# Nikon has some news....



## Liesje (Mar 4, 2007)

"Hey Nikon, I have some news to share with you...."
*grumble grumble*









"....You're a DAD! TEN puppies!!!!"
*....ten....puppies....*









"LOL, don't worry, we're only keeping one!" (maybe)
*phew*









*I'm so cool*









*sigh* Why did you tell him that? As if he needs another reason to think he's king of the world....


----------



## elisabeth_00117 (May 17, 2009)

Congrats to both of you!

Can't wait to see pics!


----------



## mycobraracr (Dec 4, 2011)

Yay! Congrats!


----------



## Liesje (Mar 4, 2007)

PS. There were actually 12 puppies but two did not make it  These were big puppies and one was stuck, so that one and the one behind it didn't make it. 5 boys and 5 girls! I wasn't going to get one but then I saw the photos, haha! Haven't made up my mind yet. A couple I know is getting a female so I will at least be able to watch her grow up (unfortunately my friend the breeder moved to TN after the breeding took place so I can't pester her to see them all the time).


----------



## KathrynApril (Oct 3, 2013)

Grats! He is a handsome dog! Good luck with the puppies!


----------



## Castlemaid (Jun 29, 2006)

Congrats! Love your photo-news-story!


----------



## doggiedad (Dec 2, 2007)

Congratulations to you and Nikon.


----------



## gsdlover91 (Jul 21, 2012)

Congrats Lies and Nikon! Haha i love the photos and story. Anyways how exciting! Can't wait to see the little puppies  


Sent from Petguide.com Free App


----------



## Shade (Feb 20, 2012)

:congratulations: Can't wait to see photos!
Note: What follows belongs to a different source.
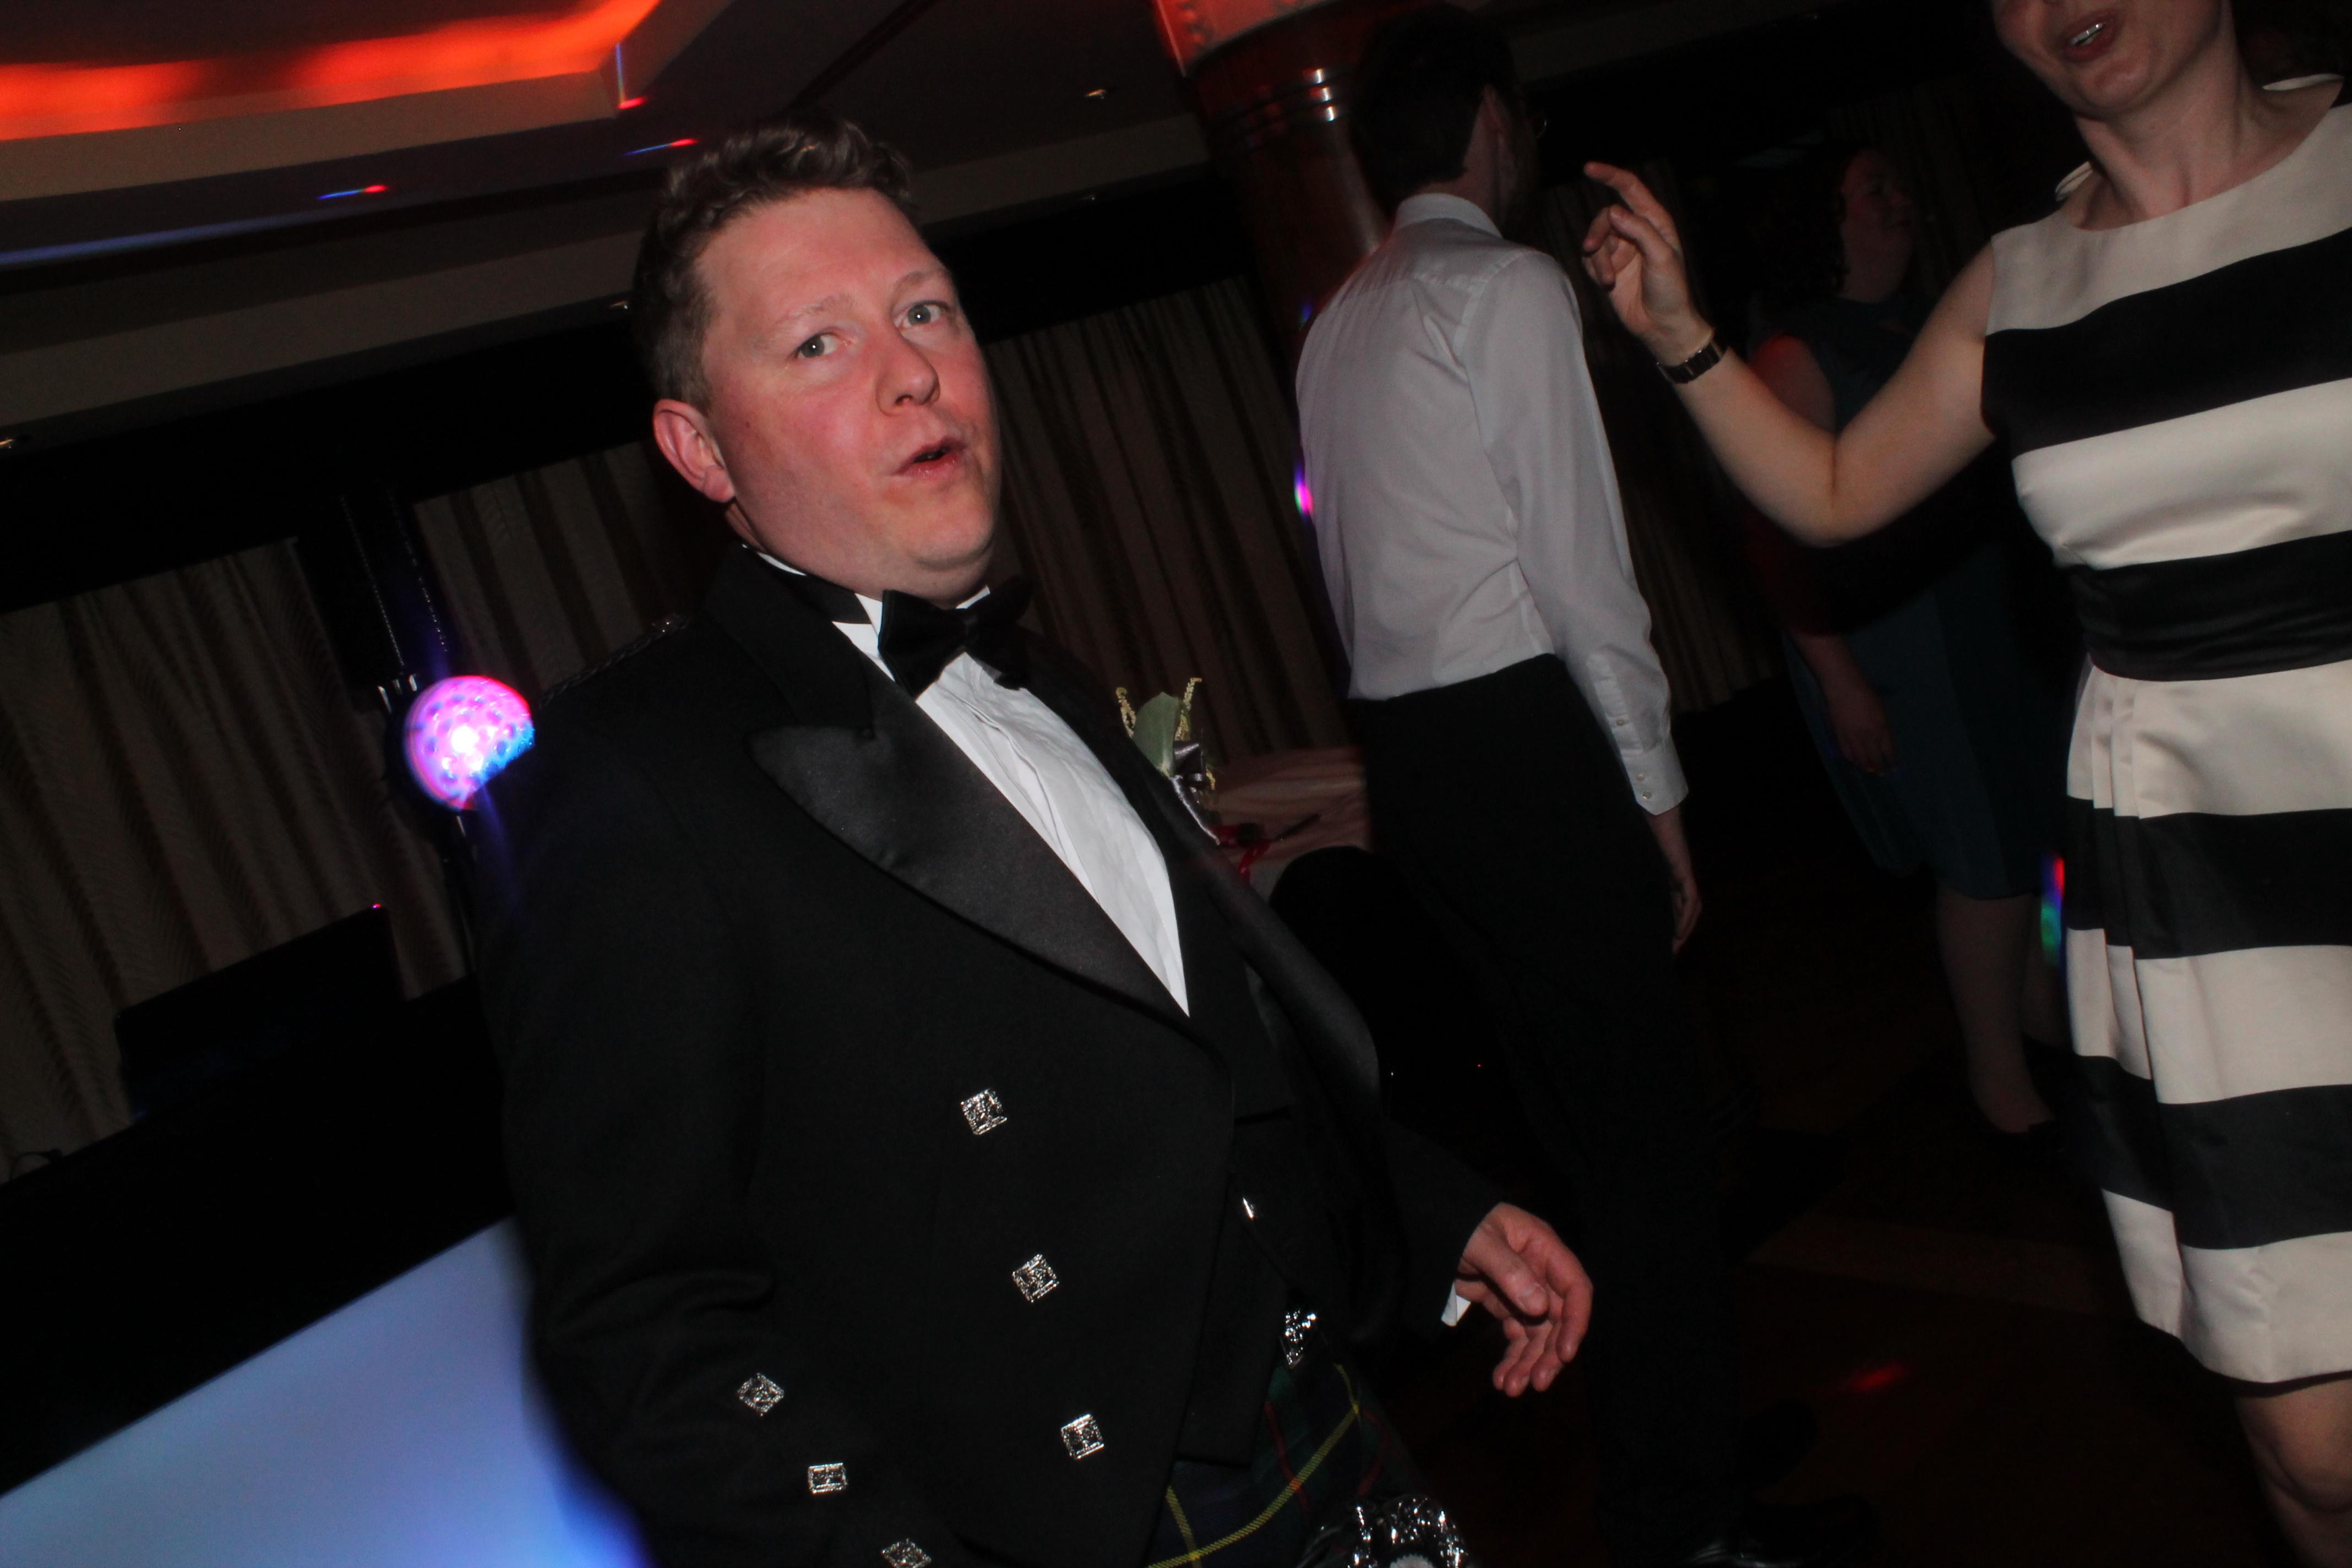 Renfrewshire wedding DJ

Great job on the picture story, I loved it


----------



## holland (Jan 11, 2009)

...Um Nikon...Congrats!...but where are the puppy pics


----------



## Lilie (Feb 3, 2010)

Major Congrats!!! Great job Nikon!!!


----------



## LoveEcho (Mar 4, 2011)

Woohoo! How awesome  Way to go, Nikon!


----------



## VomBlack (May 23, 2009)

Congrats to you! 


Sent from Petguide.com Free App


----------



## Wolfgeist (Dec 4, 2010)

Huge congrats to you and Nikon!! Cannot wait to see how the litter turns out, very exciting!


----------



## KZoppa (Aug 14, 2010)

still waiting for puppy pics!!!! You should get a little girl!!!


----------



## wolfstraum (May 2, 2003)

Congratulations! Nice sized litter!

love the photo dialog

Lee


----------



## LARHAGE (Jul 24, 2006)

Very cool, lets see pictures of Mommy and puppies!!!


----------



## CelticGlory (Jan 19, 2006)

Congrats! Can't wait to see pictures!


----------



## onyx'girl (May 18, 2007)

big litter! Congrats to Nikon and _________ , you never said who had to whelp all those puppies!


----------



## LifeofRiley (Oct 20, 2011)

I enjoyed your photo story.... great pics to go along with the narrative! Nikon is a very handsome dog.


----------



## Loneforce (Feb 12, 2012)

:congratulations:


----------



## TrickyShepherd (Aug 15, 2011)

Congrats!!! Can't wait to see some pictures of the little ones!!! Nice sized litter too!


----------



## Liesje (Mar 4, 2007)

The breeder is not the type to do web sites and tons of photos but I did get some phone photos so I know they exist! They are all still OK, one is skinny but the breeder thinks it will be fine. 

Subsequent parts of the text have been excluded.